Kissimmee’s West U.S. Highway 192 tourism corridor may be getting a new look.
Fresh design elements for Osceola County’s tourist main drag have been bounced around by the W192 Development Authority board for at least two years, but initial concepts finally emerged at a recent meeting April 4.
Consultants from a company called Logan Simpson began drafting ideas and guidelines last year that will consider changes to aesthetics like the color of sidewalks, landscaping accents and benches, as well as exterior styles of businesses.
Unique features will be introduced to address the individual character of each of the corridor’s eight subsections along the 15-mile stretch.
Certain aspects of U.S. 192’s look will remain, but other touches, like its purple and blue color scheme, may be phased out.
New designs won’t affect existing businesses though, said W192 Development Authority Director Christina Morris.
“It only applies to new businesses that come to the corridor,” she said. “Or when existing ones renovate, they will need to adhere to the new adopted design codes.”

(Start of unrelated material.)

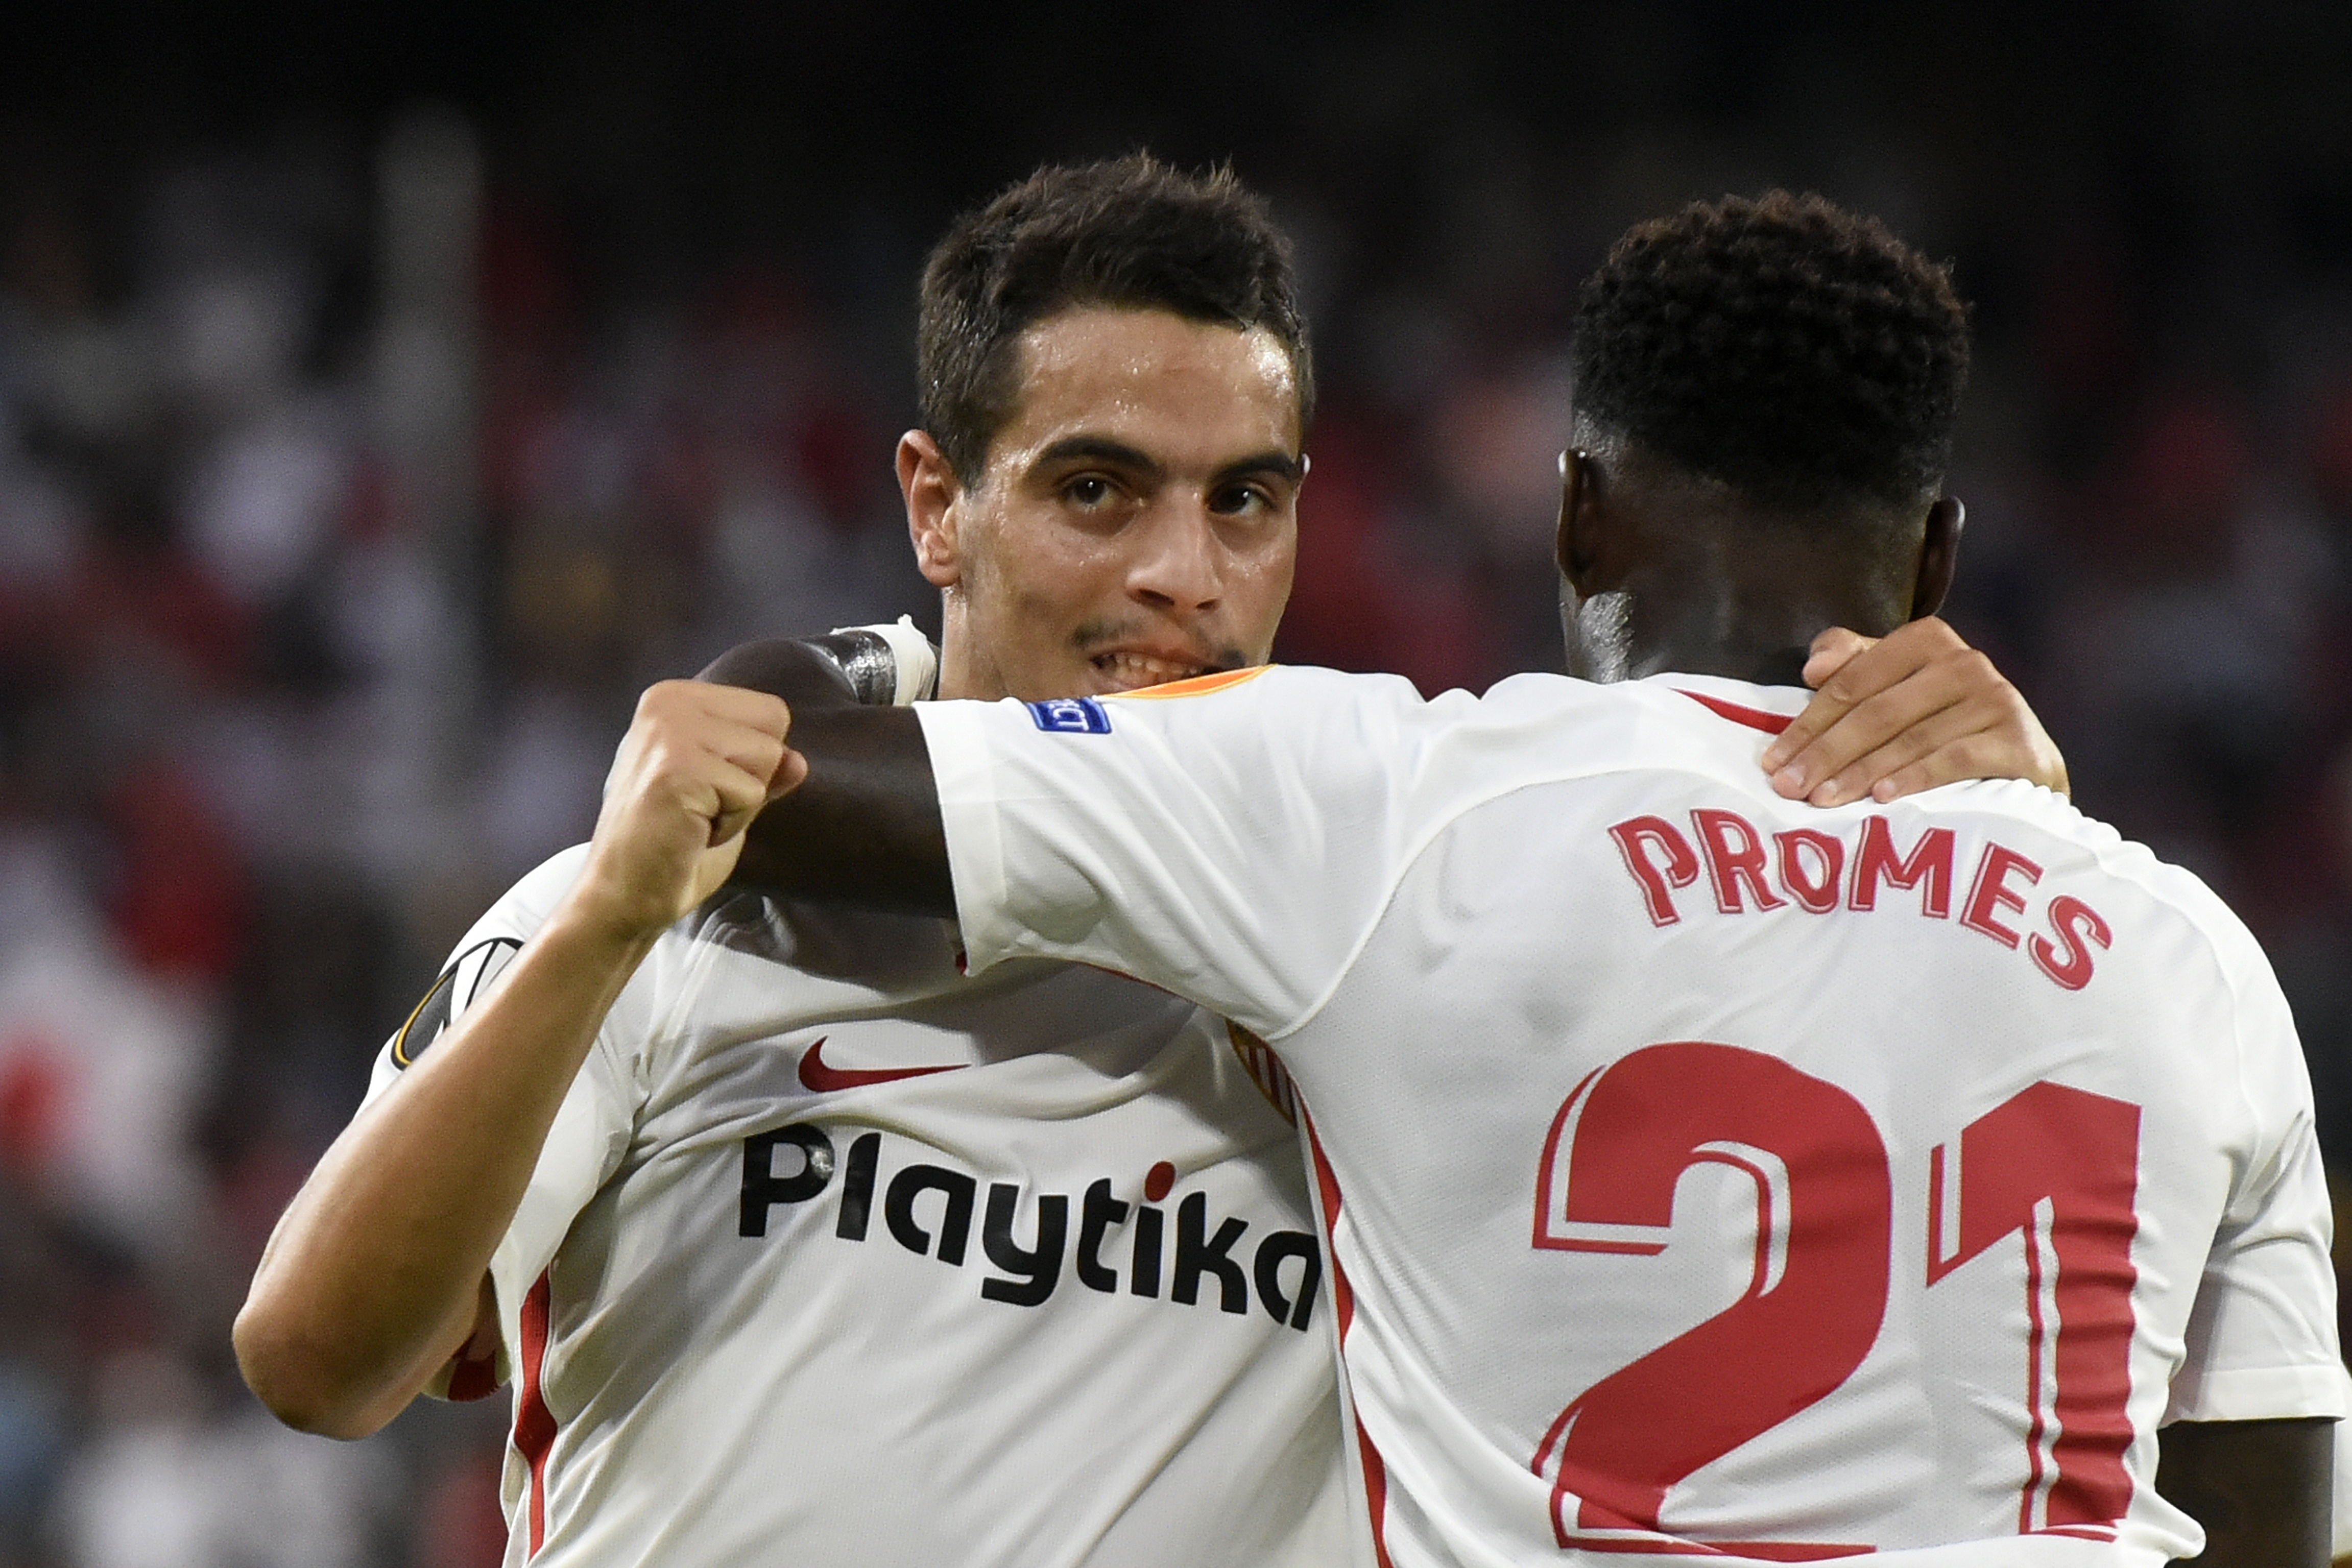 Ben Yedder celebrates a goal with Promes

One goal of the streetscape design is to shed a “one size fits all” approach in favor of variances unique to different parts of the road. For example, the area around the new Margaritaville Resort will feature a Key West theme with palm trees and public art. The section near Celebration will borrow elements from the Disney-created neighborhood, such as its white picket fences, while the area around Old Town and the future Magic Place development will allow more freedom and creativity.
The re-designed area will end by Hoagland Boulevard, and concepts call for a more toned-down, nature-themed look in that area.
But it will still be a while before residents and tourists catch a glimpse of the iconic thoroughfare’s new makeover.
Logan Simpson consultants will now go back and tweak initial designs after getting feedback from board members April 4. Public outreach to businesses along the corridor will follow to familiarize them with the concept.
Morris said consultants have already met with planning and zoning staff at the county for further guidance and direction.
Morris hopes to bring forward final design elements to the Osceola County Commission by September or October to adopt into the county’s code.
“There’s a lot of process still to go,” Morris said.
Businesses along the corridor won’t pay for streetscape improvements, Morris said. That will come from the W192 board, which currently uses what’s known as Municipal Service Benefit Unit (MSBU) funds to maintain fixtures like bus stops, light poles and landscaping.
Since plans are in the earliest stages, there are no cost estimates attached to the project yet, but Morris said the authority board would tackle the work in phases as funding permits.